Top of Collected material

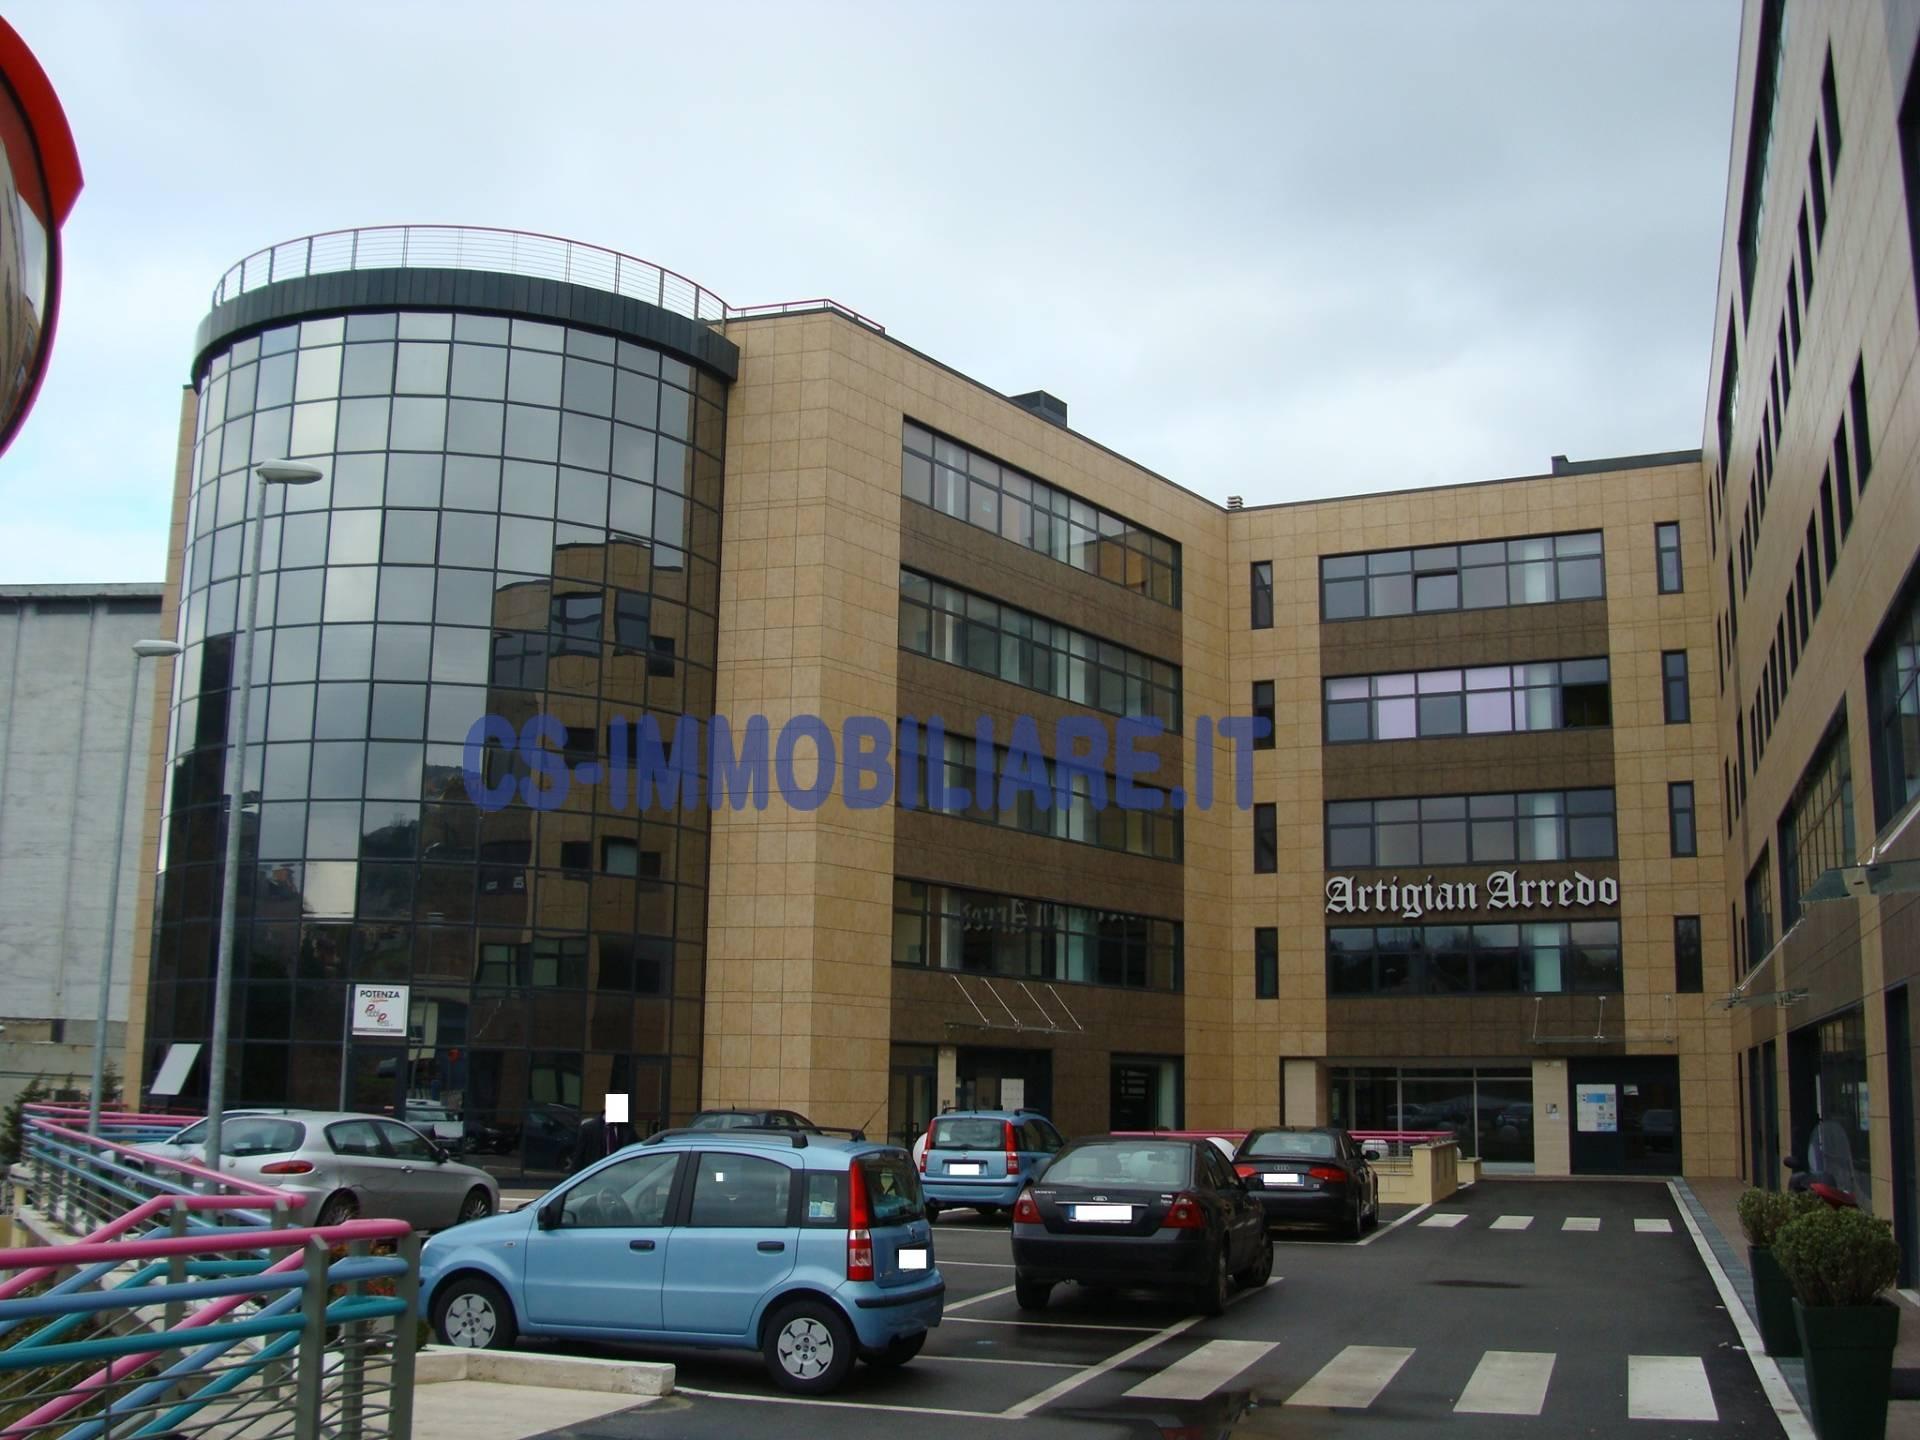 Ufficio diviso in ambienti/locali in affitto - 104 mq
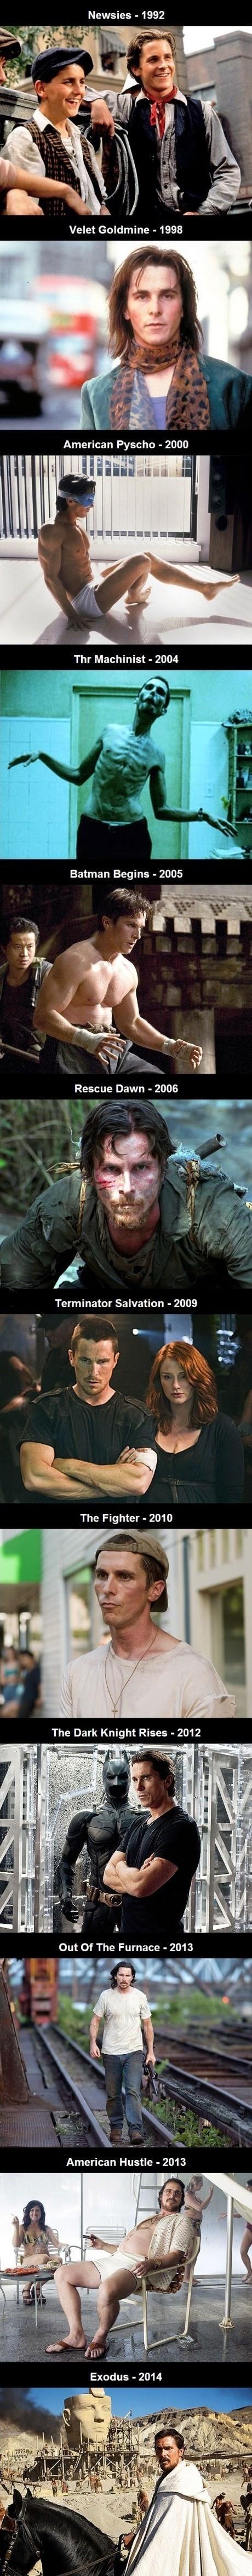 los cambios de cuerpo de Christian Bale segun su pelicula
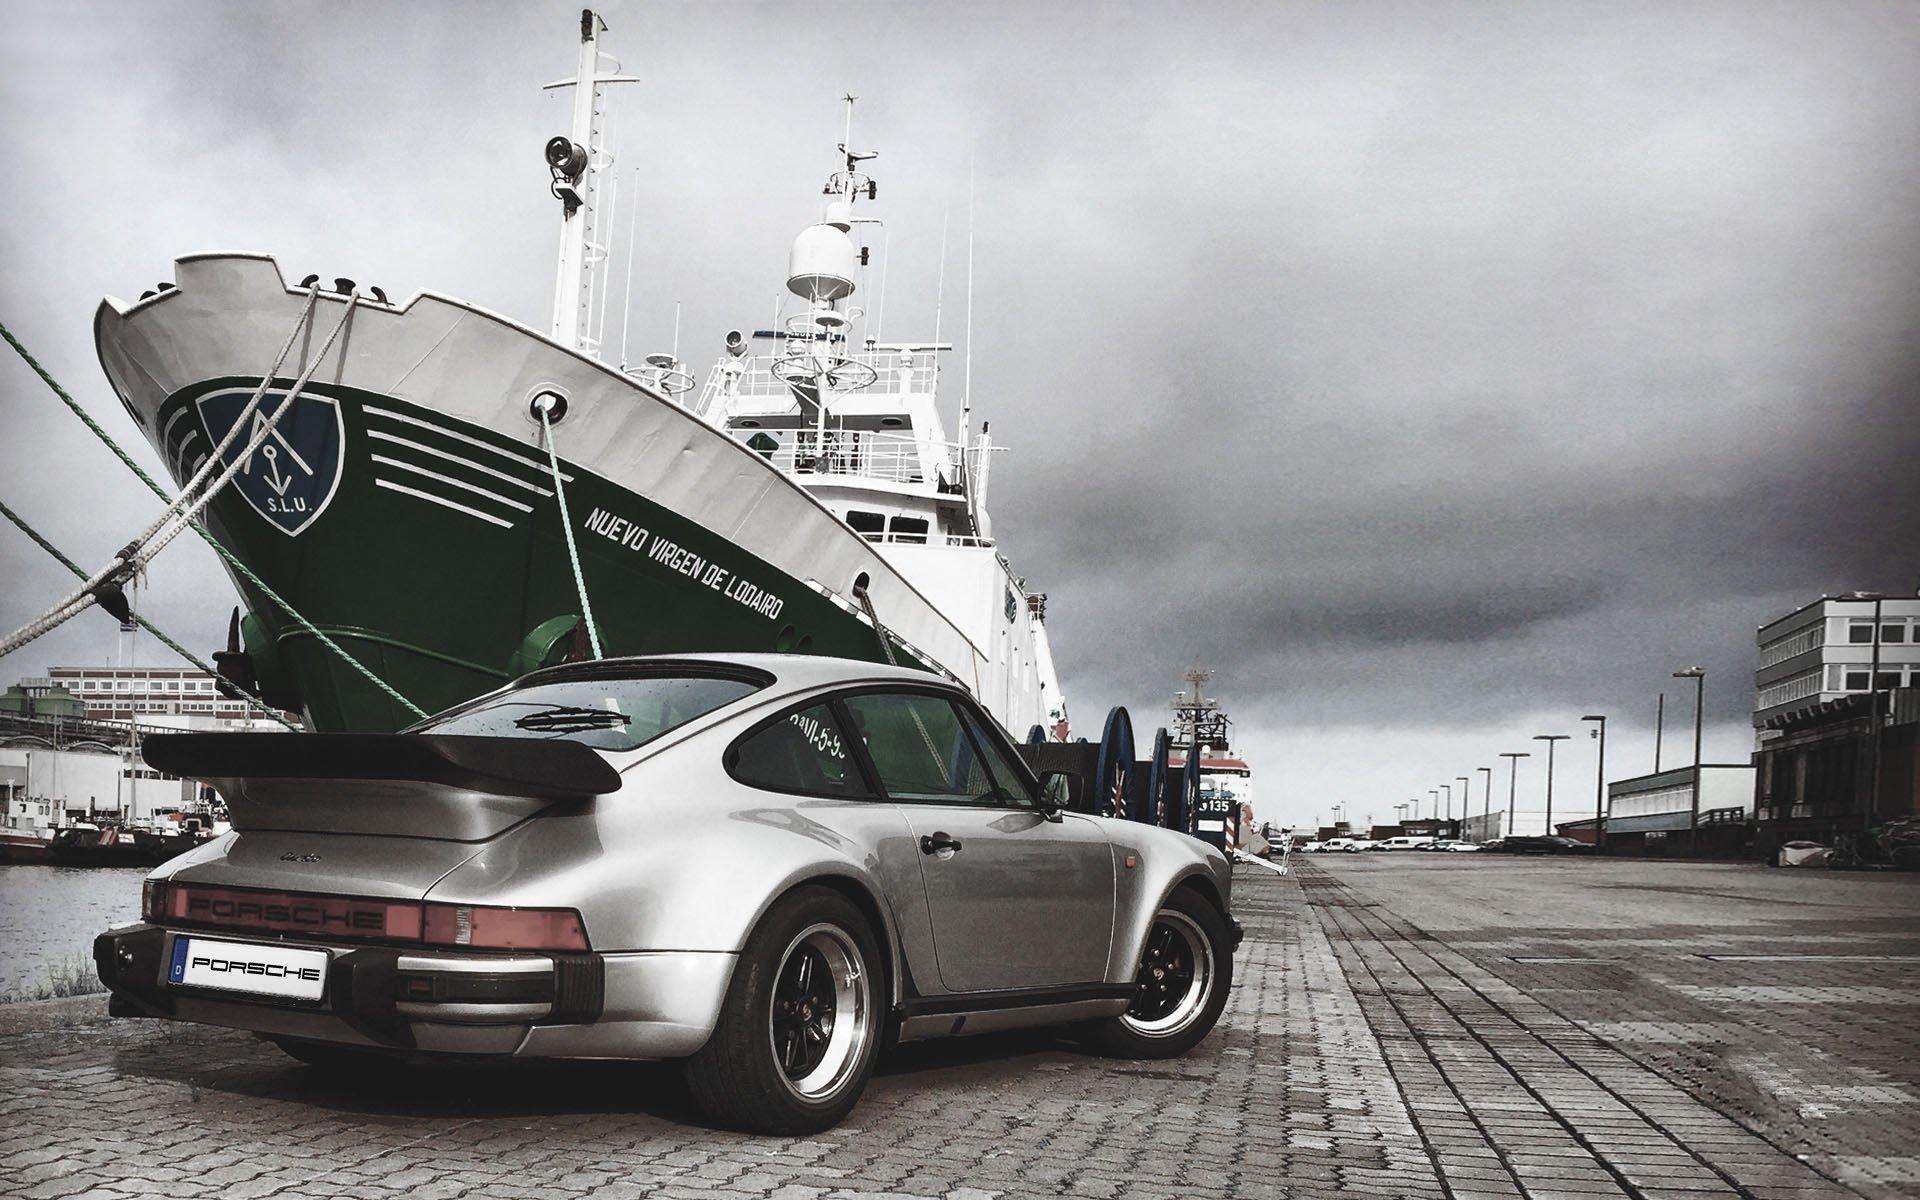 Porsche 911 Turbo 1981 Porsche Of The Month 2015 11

Bottom of Collected material

▶ _Exercise description_
Restate, exactly as they appear, the line with "los cambios de" and all the lines after it up to the end of the data above; images do not belong in the copy.

▶ _Result for this task_
 los cambios de cuerpo de Christian Bale segun su pelicula
 Porsche 911 Turbo 1981 Porsche Of The Month 2015 11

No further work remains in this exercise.